Can Construction Keep Up with a COVID Housing Market?

Can Construction Keep Up with a COVID Housing Market?

COVID continues to change the landscape in terms of the way that people now view homes. According to the National Association of Home Builders (NAHB) Chairman Chuck Fowke, “The concept of ‘home’ has taken on renewed importance for work, study and other purposes in the COVID era.”

The housing market continues to be an economic bright spot thanks to increased buyer interest in the suburbs and small towns. The Mortgage Bankers Association (MBA) estimates that September new home sales slowed slightly from August but remained well ahead of 2019’s pace.

It’s a small silver lining in contrast to all else that we face today. True to its more standard path of destruction, COVID has certainly hurt construction. Fowke further notes that “it is becoming increasingly challenging to build affordable homes as shortages of lots, labor, lumber and other key building materials are lengthening construction times.”

Nonetheless, continuing to pick up steam are second homes. According to Mortgage News Daily (MND), there were approximately 7.5 million second homes in the U.S. in 2018, the most recent year for which data is available. This is 5.5 percent of the nation’s total housing stock. 

It’s no surprise that the largest share of these homes is in Florida with a total of 1.1 million homes, or 14.5 percent of the country’s total.
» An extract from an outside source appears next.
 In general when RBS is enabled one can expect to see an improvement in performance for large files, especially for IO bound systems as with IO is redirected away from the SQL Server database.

Massachusetts makes the list as having one of the ten counties with the largest absolute number of second homes. Surely, anyone with a Massachusetts license plate can guess which one. It’s of course Barnstable County, otherwise known as Cape Cod and the Islands.
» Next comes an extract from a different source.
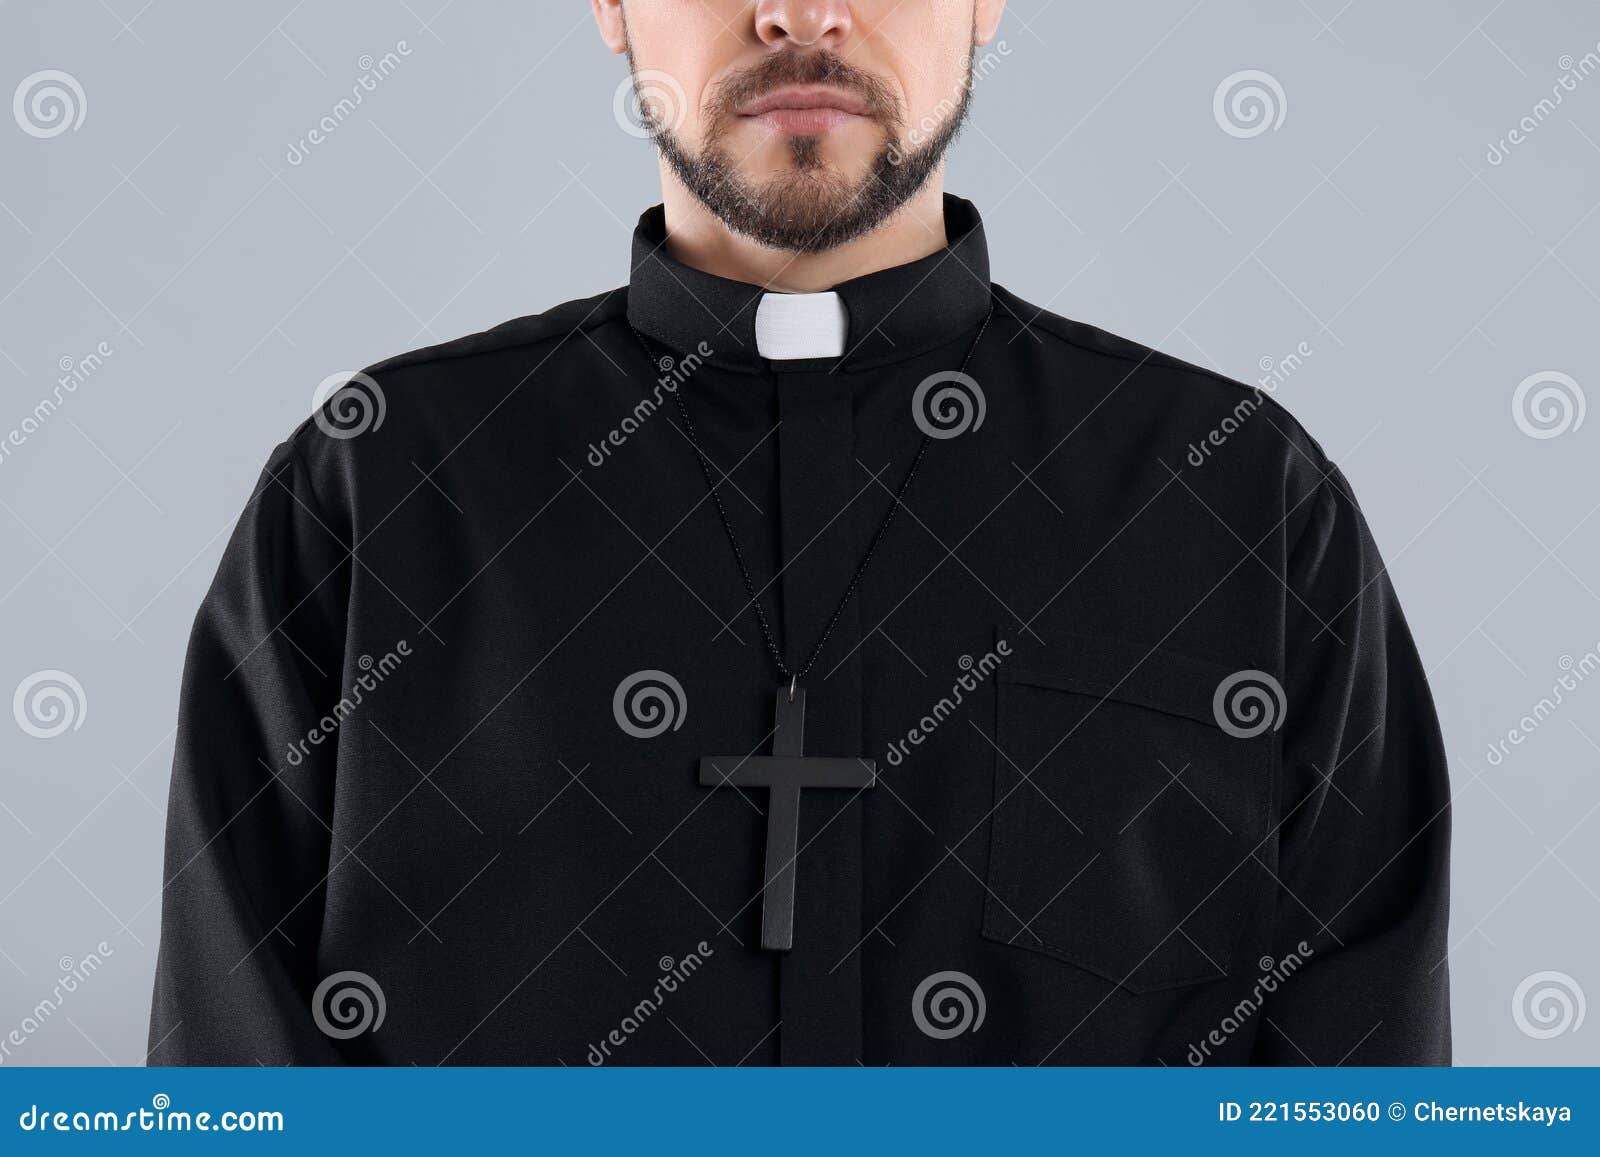 priest wearing cassock with clerical collar on grey, closeup

Also on the rise – existing home sales, which measures closings on existing homes. Existing home sales were up 9.5% in September and up 21%, year over year, which is the highest pace since 2006, according to MBS Highway. This underscores the strength of the current housing market.

Continuing to help fuel the industry are low mortgage rates. Mortgage rates remain quite low, although not at all all-time low. According to Mortgage News Daily, the all-time low occurred in early August. However, when considering best-case-scenario rates, purchase rates are still relatively close to all-time lows.